Improve generated x86 code for AVX targets

Lastique commented 1 year ago

Prefer vmovdqu to vlddqu on CPUs supporting AVX. vlddqu has one extra cycle latency on Skylake and later Intel CPUs and is not merged to the following instructions as a memory operand, which makes the code slightly larger. Legacy SSE3 lddqu is still preferred because it is faster on Prescott and the same as movdqu on AMD CPUs. It also doesn't affect code size because movdqu cannot be converted to a memory operand as memory operands are required to be aligned in SSE.

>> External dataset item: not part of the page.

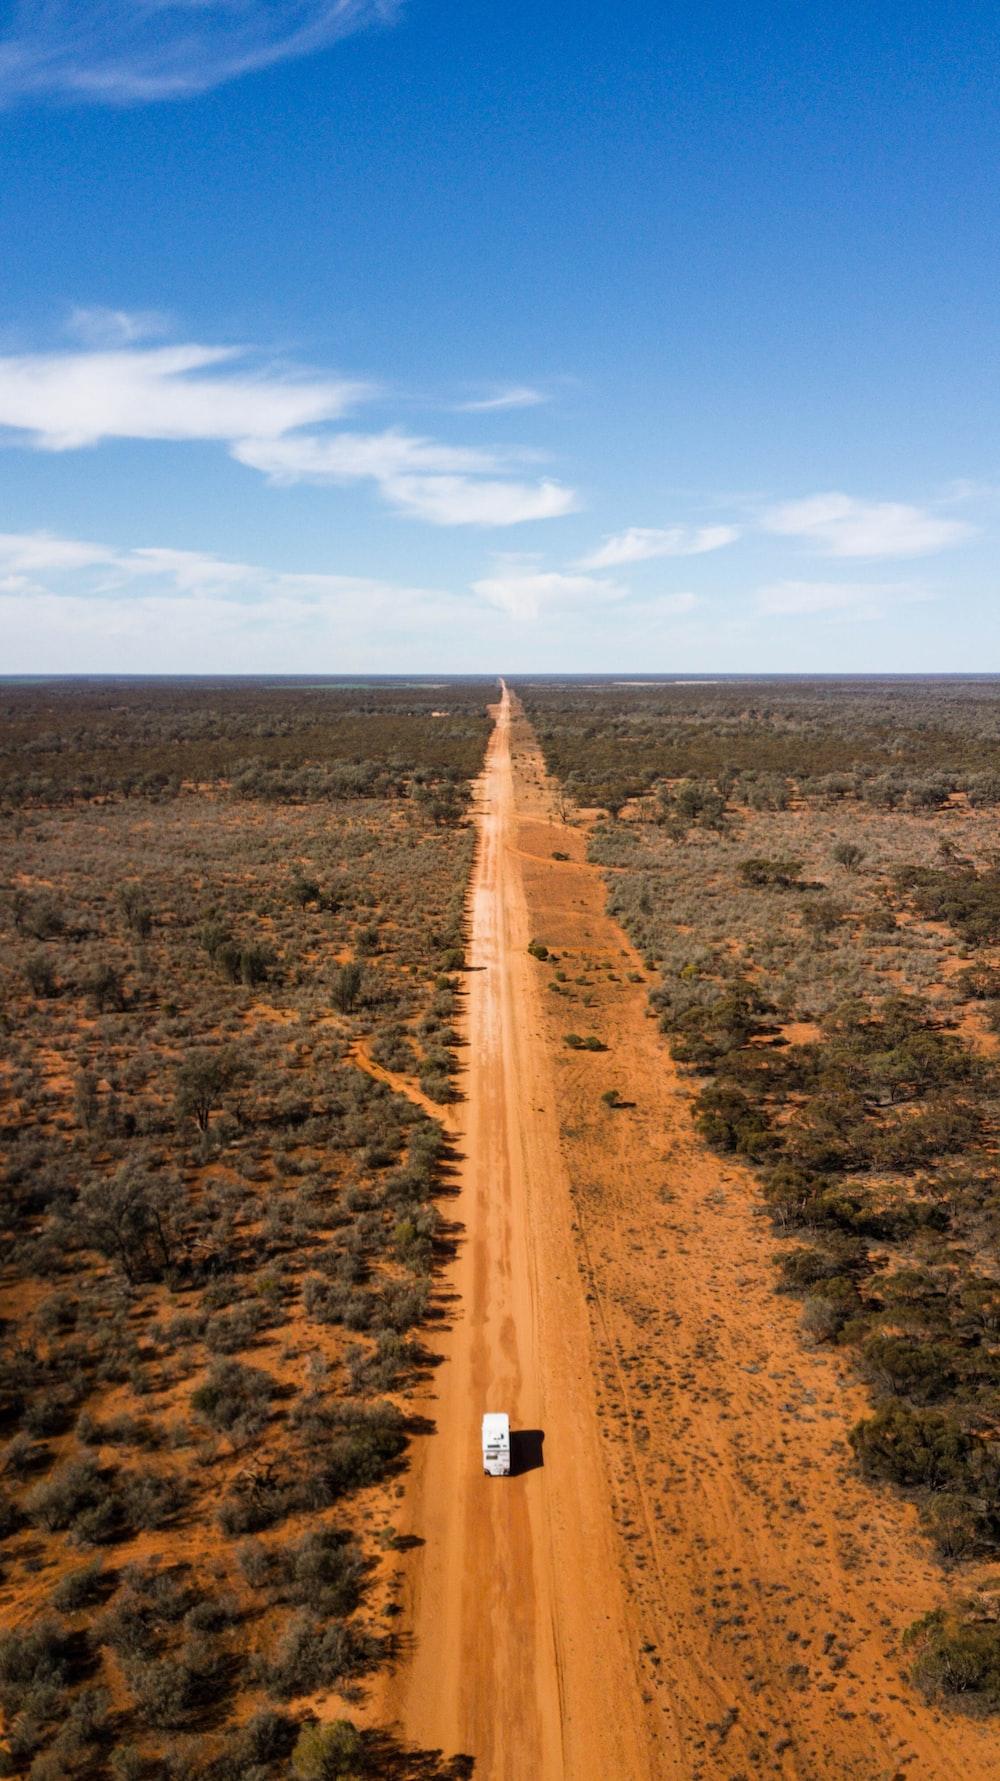 brown dirt road between green grass field under blue sky during daytime
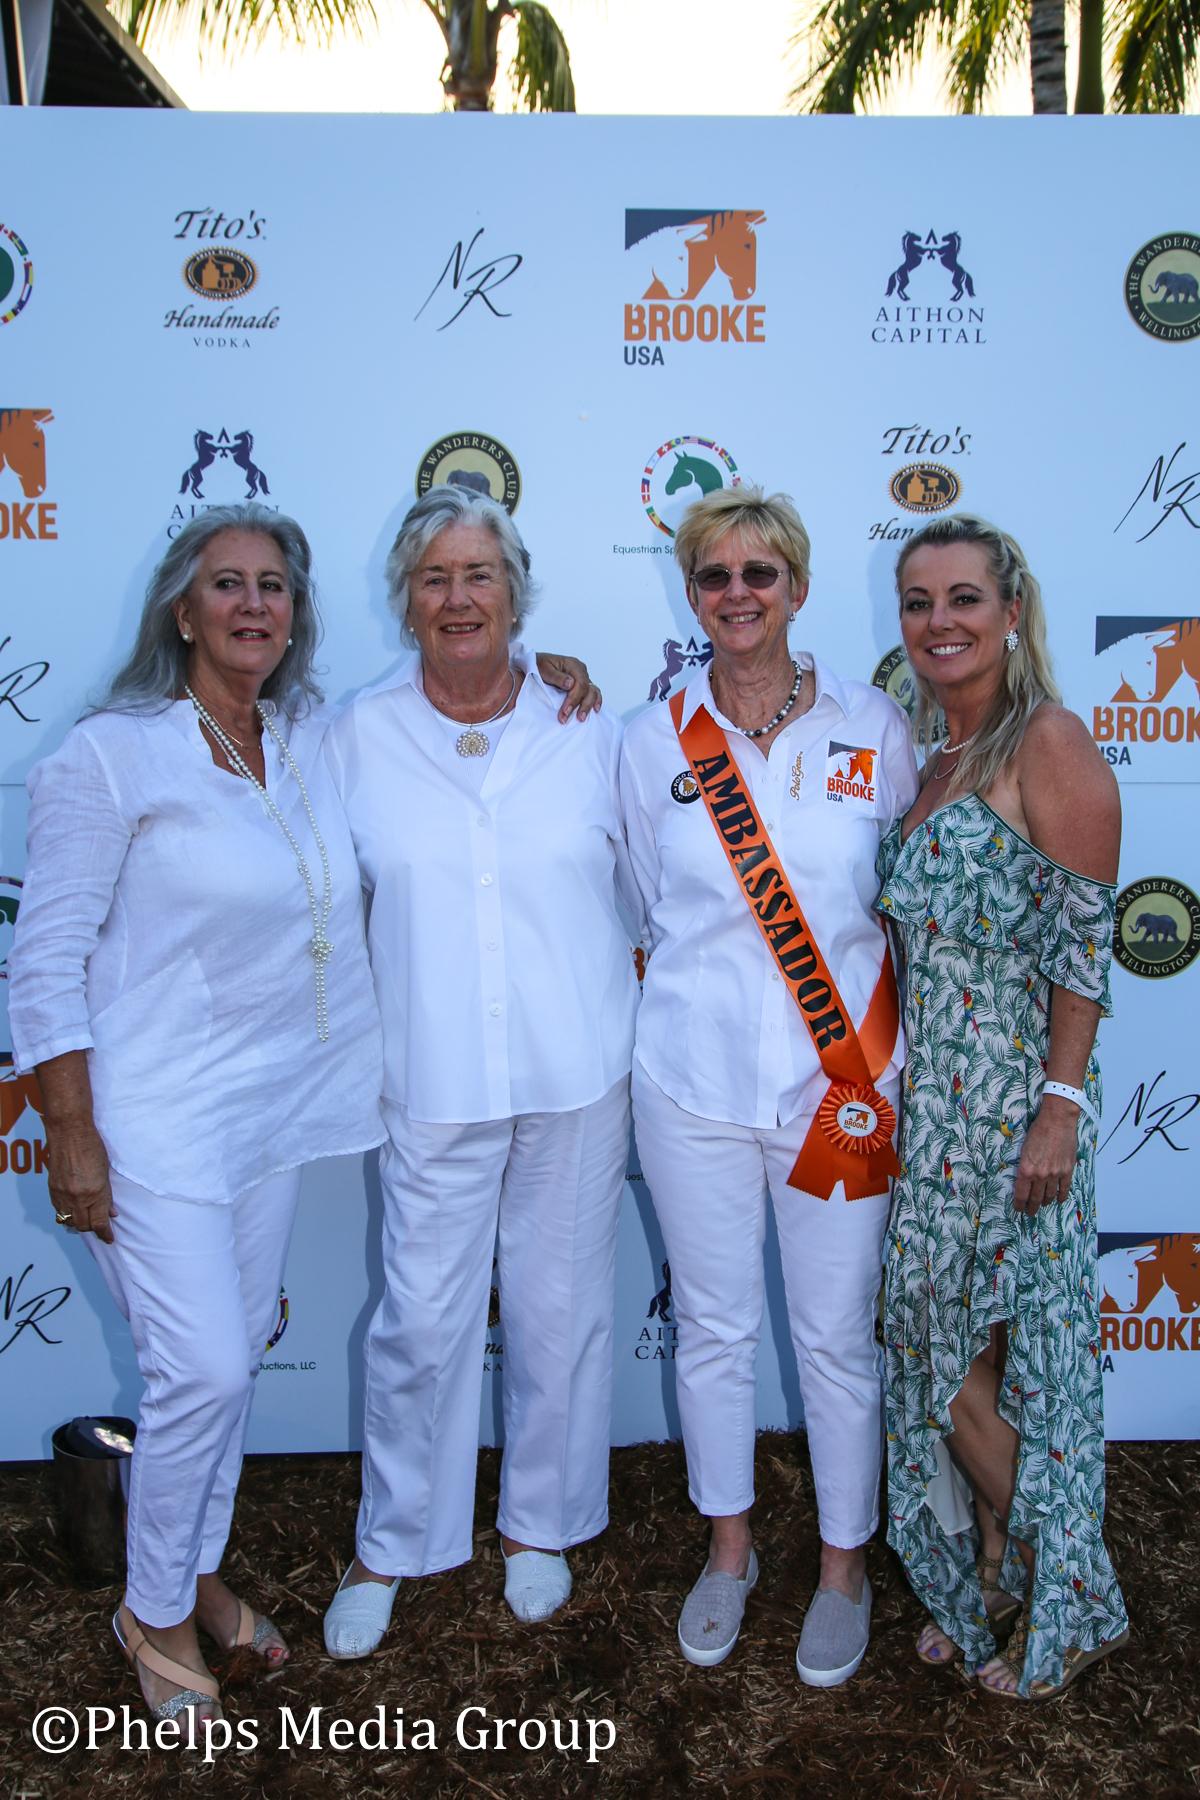 Margaret Duprey Kressa Pederson Gill JOhnston and Caroline Jones; Nic Roldan's 2nd Annual Sunset Polo & White Party, FL, by Phelps Media (1).jpg

Closes https://github.com/boostorg/uuid/issues/137.

Also, re-format the test code for MSVC bug 981648, no functional changes.

Lastique commented 1 year ago

@pdimov Peter, MSVC-14.0 fails with ICE in this CI run in is_contiguous_range implementation. Could you take a look please?

pdimov commented 1 year ago

I'll look into it.

codecov[bot] commented 1 year ago

Codecov Report

Merging #138 (86b1ae5) into develop (9df4da9) will not change coverage. The diff coverage is n/a.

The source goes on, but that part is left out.